-- Work order --
Line by line, give the data again exactly as it appears, but without pictures.

-- Data provided --
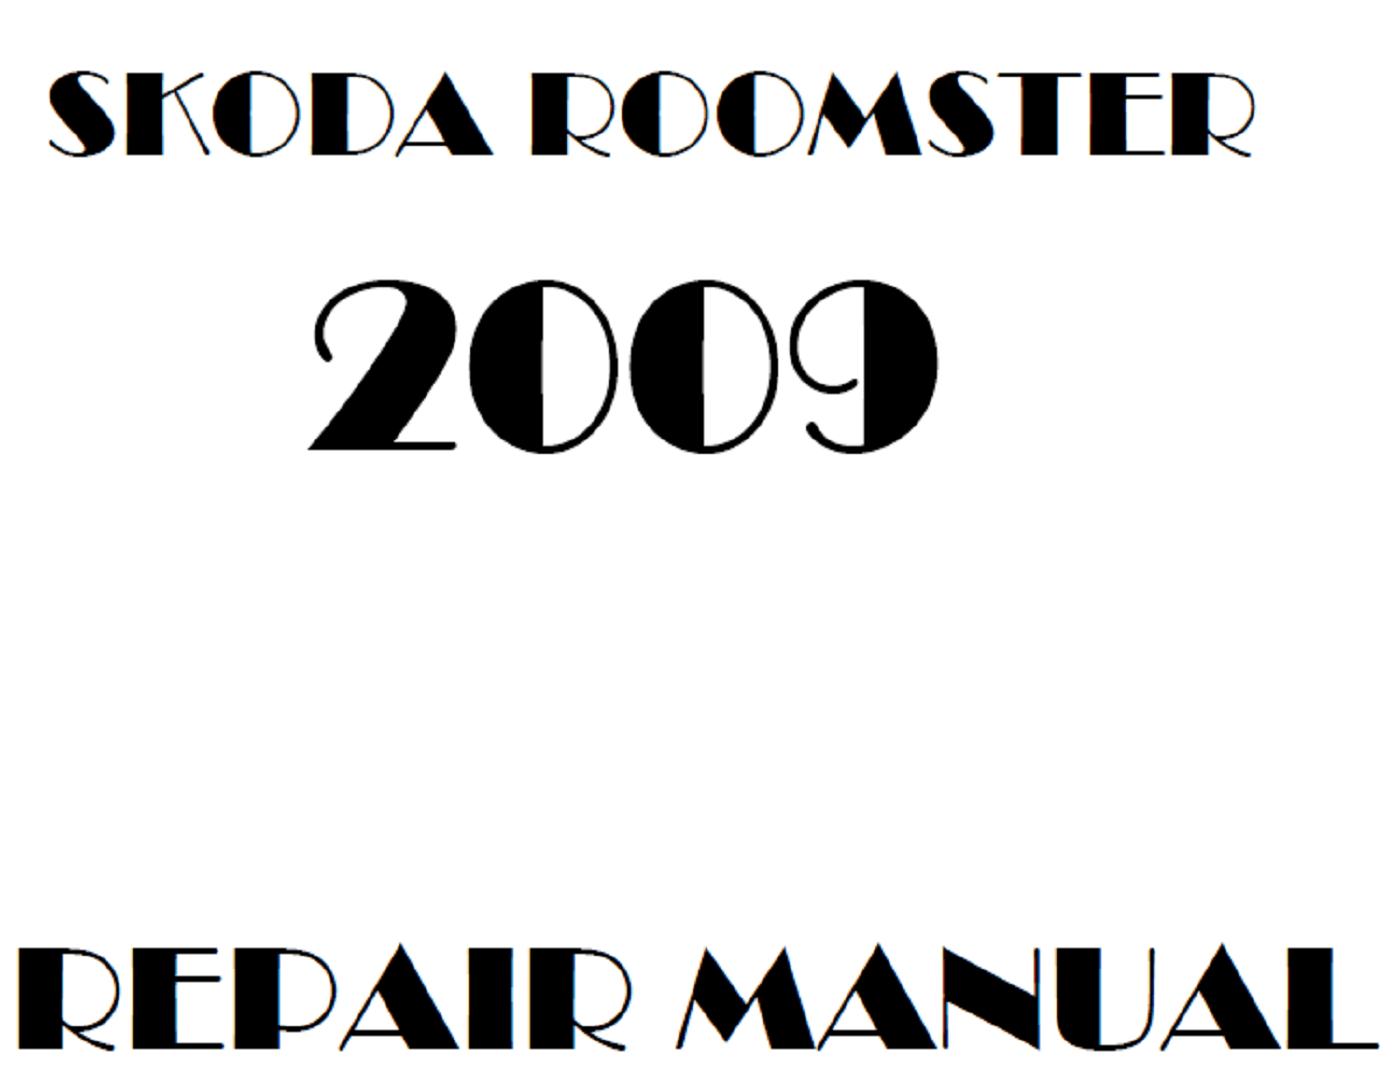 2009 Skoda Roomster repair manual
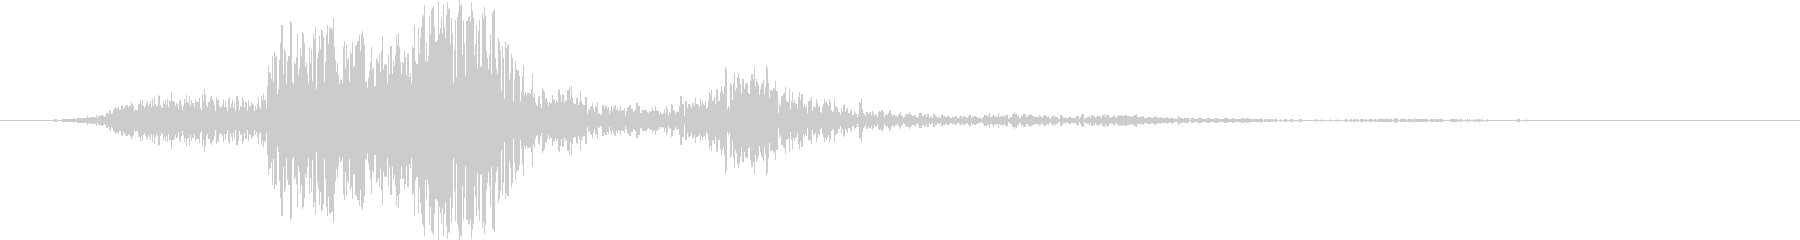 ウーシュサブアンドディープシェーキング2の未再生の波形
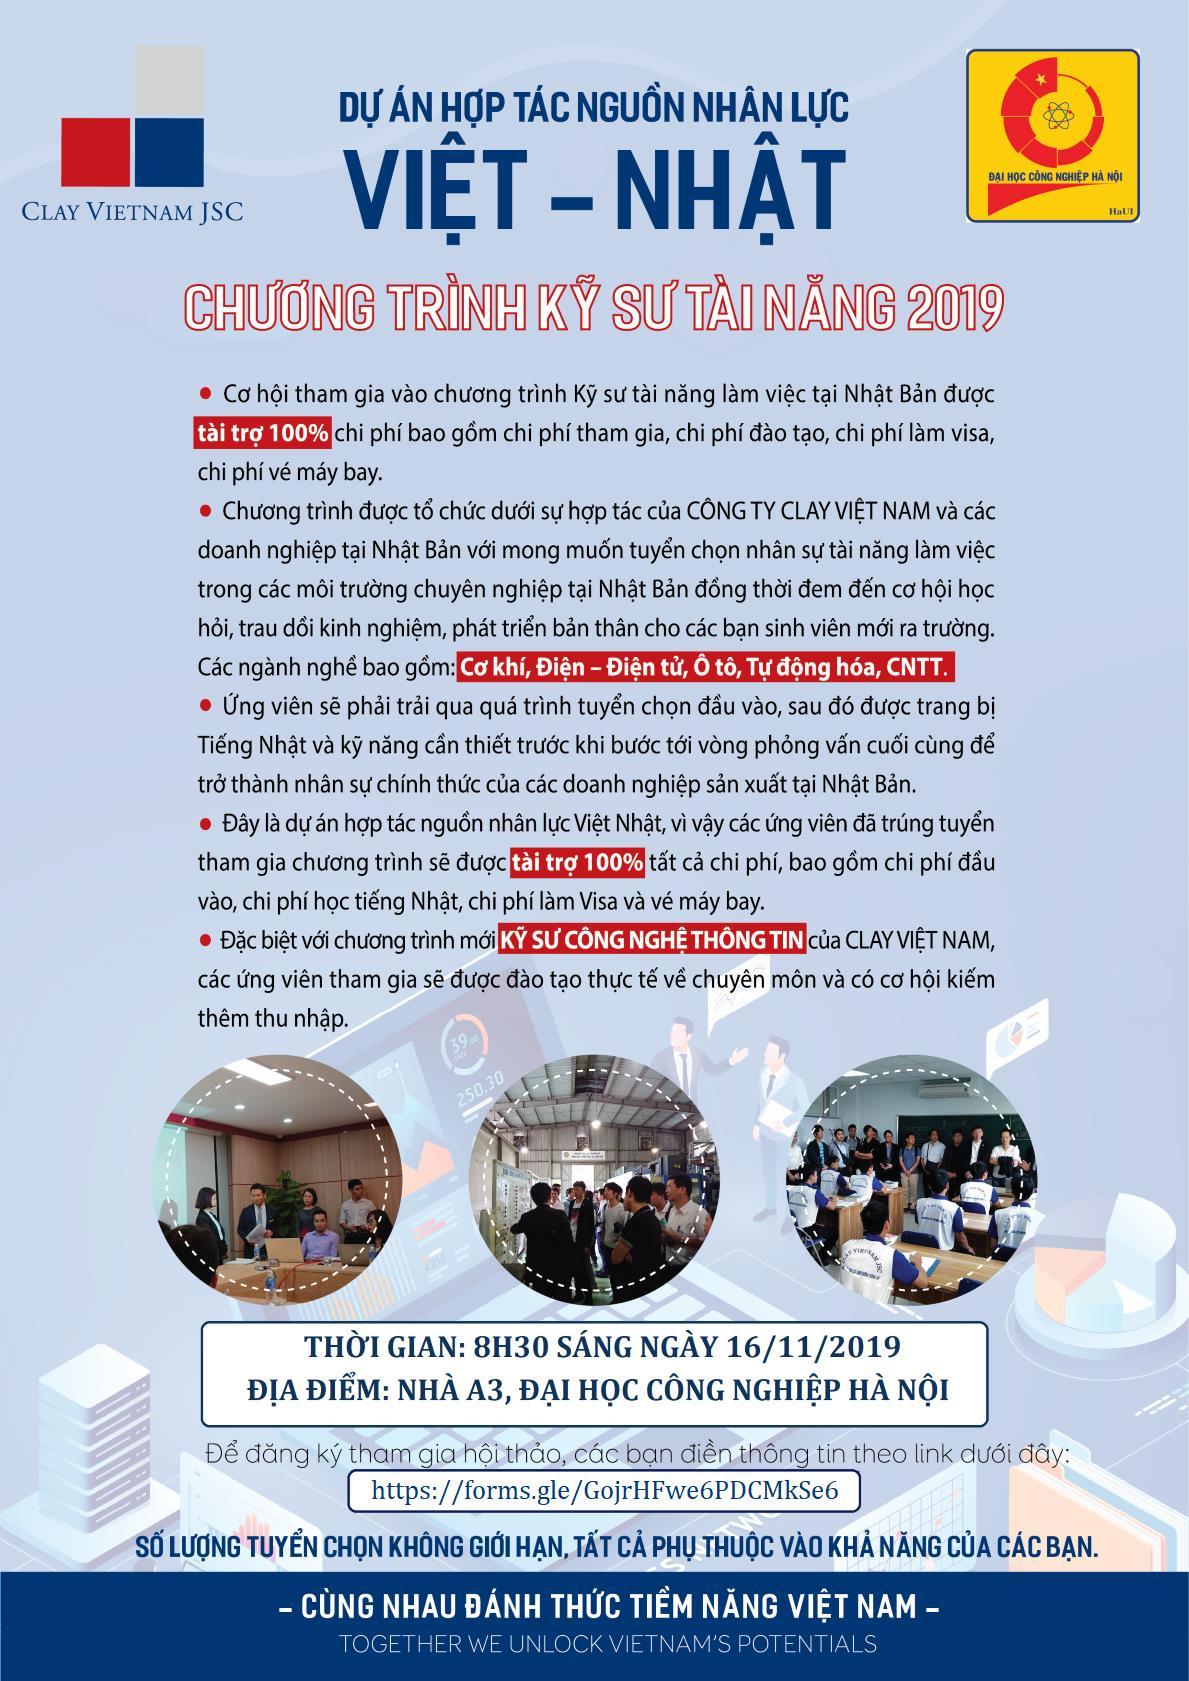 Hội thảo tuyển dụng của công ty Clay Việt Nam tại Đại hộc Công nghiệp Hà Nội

-- Response area --
 2009 Skoda Roomster repair manual
 ウーシュサブアンドディープシェーキング2の未再生の波形
 Hội thảo tuyển dụng của công ty Clay Việt Nam tại Đại hộc Công nghiệp Hà Nội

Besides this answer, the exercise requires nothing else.